Daughter has skinny wrists (16cm)

i am struggling to find a strap that goes small enough. Even with a NATO on smallest, it's still to big. Any good sources? Cheaper the better.

thanks in advance


----------



## normdiaz (May 5, 2004)

Have you tried shortening the NATO strap? Here's a how-to video:






Similar procedure applies to converting a NATO strap to a single piece pass-through strap. (Eliminates the second piece on the NATO so that only a single piece of nylon is under the watch.)


----------



## al_kaholik (May 22, 2018)

Hirsch XS are short. I've always found limited by choice though


----------



## Solar Pilgrim (Aug 26, 2019)

Some of the 18mm straps that Cousin's sell are quite short on the last hole, they are cheap too.


----------



## it'salivejim (Jan 19, 2013)

Solar Pilgrim said:


> Some of the 18mm straps that Cousin's sell are quite short on the last hole, they are cheap too.


 You've been busy today. Not long to the 50 now :thumbsup:


----------



## WRENCH (Jun 20, 2016)

it'salivejim said:


> You've been busy today. Not long to the 50 now :thumbsup:


 And the anti climax.


----------



## Solar Pilgrim (Aug 26, 2019)

it'salivejim said:


> You've been busy today. Not long to the 50 now :thumbsup:


 Nearly there!



WRENCH said:


> And the anti climax.


 What do you mean?

Looks like I've made it!


----------



## Davey P (Sep 9, 2010)

Getting back on topic, have you thought about having a strap custom made? One of our members, @Miterant makes excellent quality leather straps, and you can specify the exact length and lug width (and probably even the hole spacings) so the strap could be as short as you like, and unique to you and your daughter. I haven't had any done myself yet, but he does come highly recommended by a lot of members on here. Just a thought anyway.

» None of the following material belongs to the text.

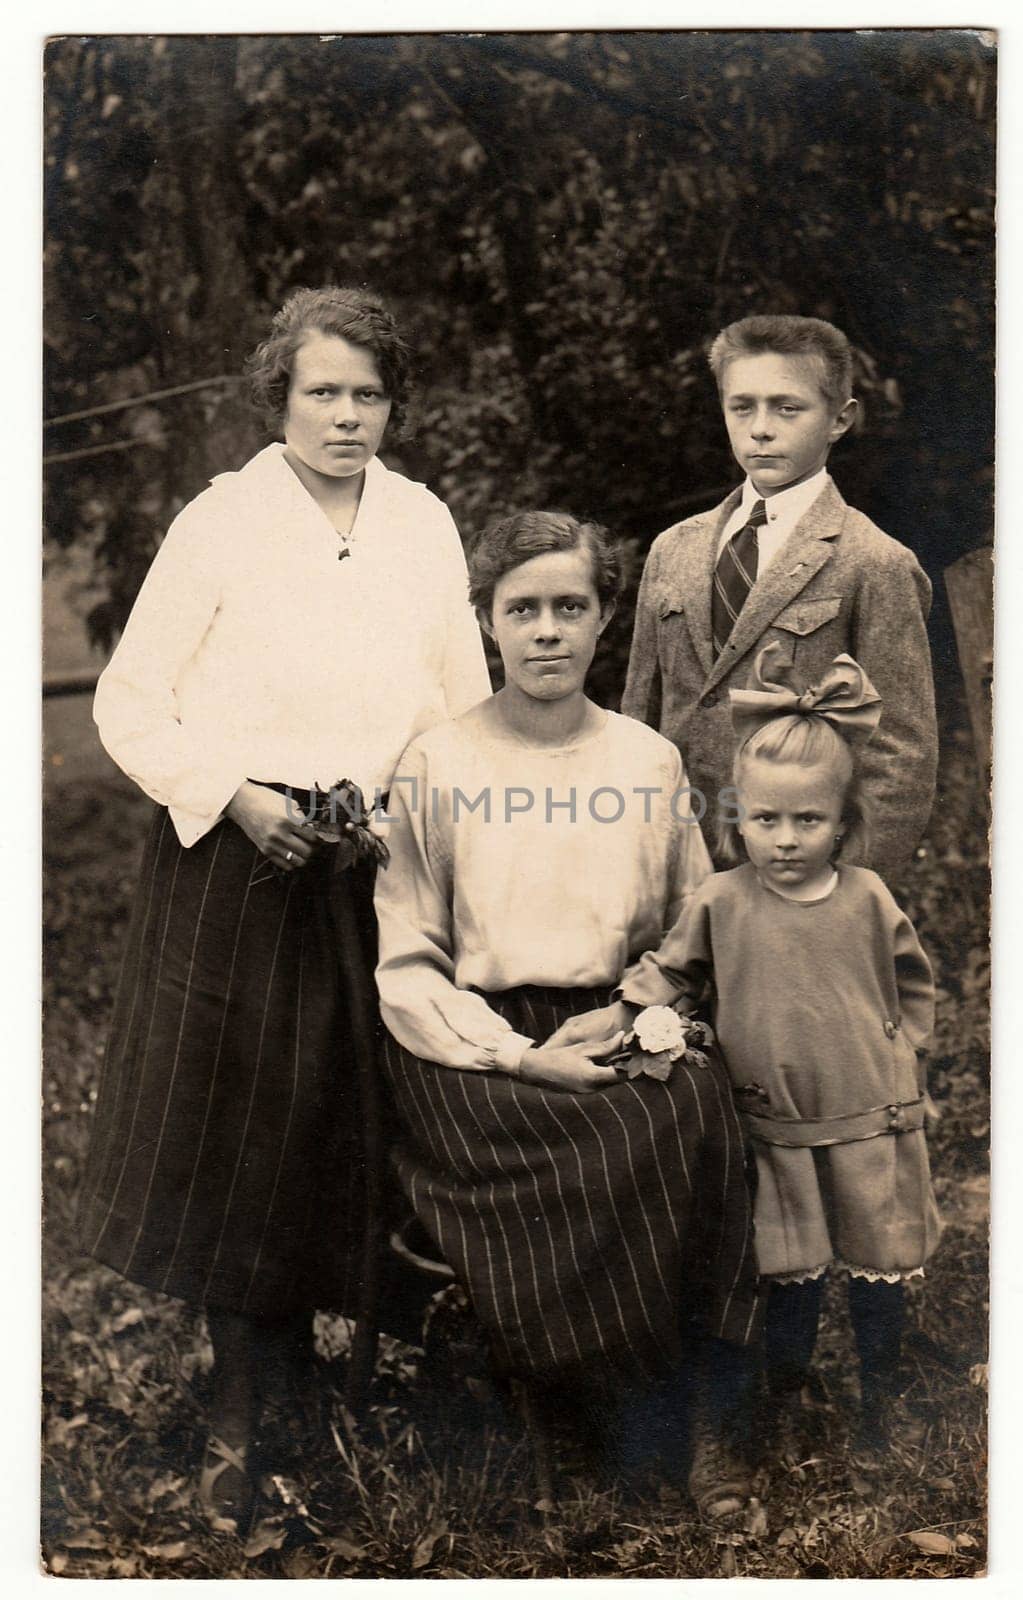 THE CZECHOSLOVAK REPUBLIC - CIRCA 1930s: Vintage photo shows women with children outdoors. Antique black & white photo.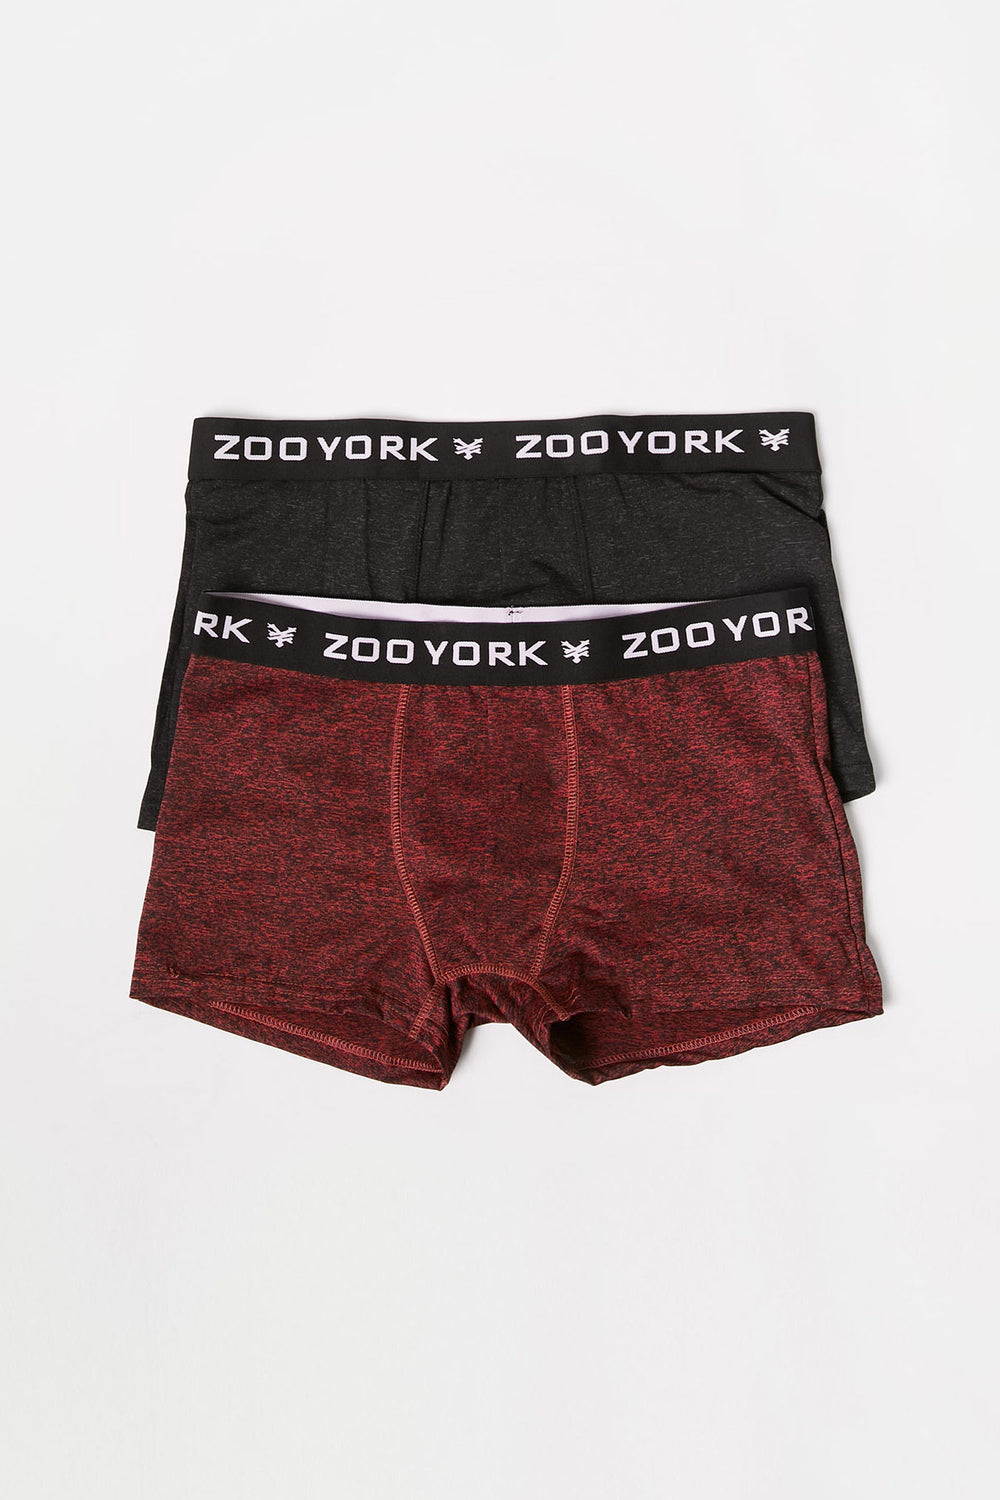 2 Paires de Boxers Space Dye Zoo York Homme Bourgogne

On a separate note, what style of watch does your daughter like? I've got quite a few small watches collected over the years, and given the size of my wrists they're no good to me, so I might be able to donate one to you if I've got any that are suitable. Let me know (via PM if preferred) and I'll see what I can do :thumbsup:


----------



## ziggy1024 (Dec 18, 2017)

Perlon is another option...


----------



## WRENCH (Jun 20, 2016)

Richard734 said:


> Daughter has skinny wrists (16cm)
> 
> i am struggling to find a strap that goes small enough. Even with a NATO on smallest, it's still to big. Any good sources? Cheaper the better.
> 
> thanks in advance


 Have a look here,

https://www.watch-band-center.com/watchstrap-h204-Extra-Short-Straps.html


----------